Она замолчала. Мне стало не по себе. Захотелось разрядить обстановку.
- Знаете, а у меня есть бананы и варенье. Давайте, я вас угощу.
- Ой, правда, простите. Я даже не предложила вам чая. Пойдемте на кухню,
- она будто очнулась от своих горьких мыслей.
Кухня была старинная, из массива дуба, темного цвета. Она
заварила чай, и в воздухе запахло жасмином и мелиссой.
- Нет, определенно, со мной сегодня что-то не так. Я совсем ничего о вас
не знаю, все говорю и говорю. Совсем стара стала…
Я рассказала ей немного о себе, хотя говорить мне не хотелось. Мне хотелось
лишь слушать. Слушать эту потрясающую женщину, которая прошла через все
и осталась удивительно красивым человеком.
- Мой первый муж был музыкант. Его случайно завербовали. Он великолепно
играл на рояле. Он дружил с Собиновым и аккомпанировал ему. Он был вообще
тонким человеком. Я полюбила его и вышла замуж. Хотя в то время подобные
знакомства не приветствовались. Тогда было принято знакомить детей друг
с другом или подбирать пару с детства. Меня познакомили с одним молодым
человеком. Он был сыном старого приятеля моего отца, этакий рыжий веснусчатый
зануда в очках. Мне он сразу не понравился. А в Артура я влюбилась сразу.
Красивый, интеллигентный, приятный и мягкий человек. Он развелся с женой
ради меня. Я понимала, что разбиваю семью, но другого выхода не было.

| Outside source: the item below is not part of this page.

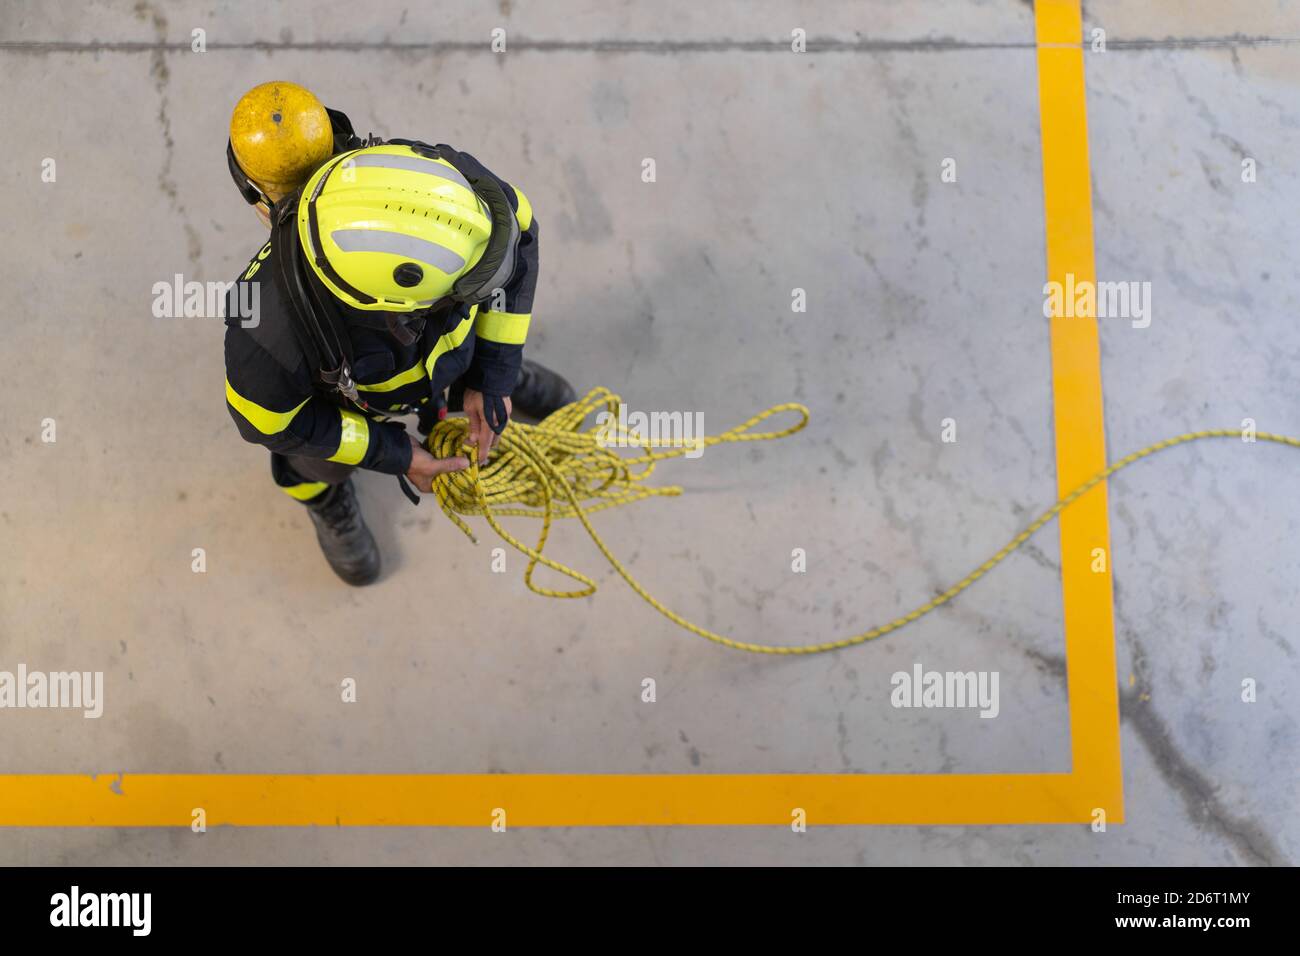 Top view of unrecognizable firefighter in protective hardhat and bright uniform standing on cement floor with rope during routine practices at work Stock Photo
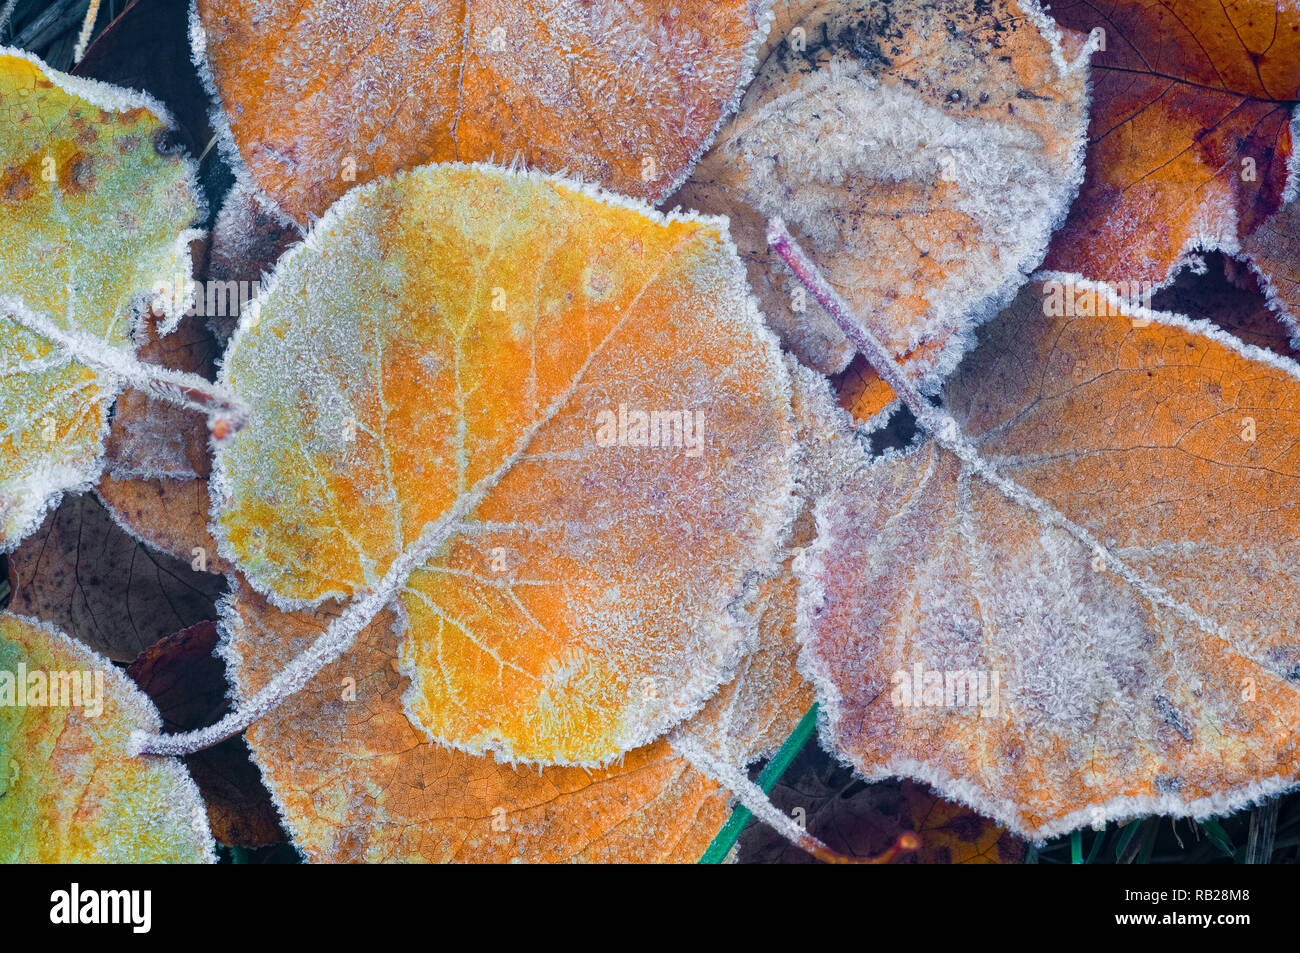 Abstract image of Apricot leaves on the ground during late Autumn, covered in frost. Stock Photo

Тут я вспомнила о коте Артуре. Вот, наверное, почему она так назвала его
и так сильно его любит.
- У вас есть дети? - опять спросила я, чувствуя себя в роли интервьюирующей
противной журналистки.
- Да, у меня двое детей. Сын - от первого брака и дочь - от второго. У
меня четверо внуков. И двое правнуков. Скоро, может, будут и праправнуки,
- довольно заключила она, - мы, правда, редко видимся. Сын с семьей уехал
в Америку. Дочь живет в Москве, но навещает редко. Зато ко мне почти каждый
день приходит внучка. Она, кстати, очень на вас похожа. Такая же худенькая,
с длинными волосами, огромными глазами и вопросом в глазах.
- Почему вы так решили?
- Просто потому что уже давно я вижу людей насквозь. Даже когда мне было
50, я этого не ощущала. Сейчас все изменилось. Но вы не подумайте, что
я дряхлая и немощная. У меня, даже в моем возрасте есть поклонники. Один
ходит ко мне уже 15 лет. Мы просто разговариваем, он поэт и читает мне
свои стихи. Кстати, к поэзии я отношусь довольно критически. С тех пор
как стала общаться с Ахматовой.
- Вы знали Ахматову? - моему изумлению не было предела.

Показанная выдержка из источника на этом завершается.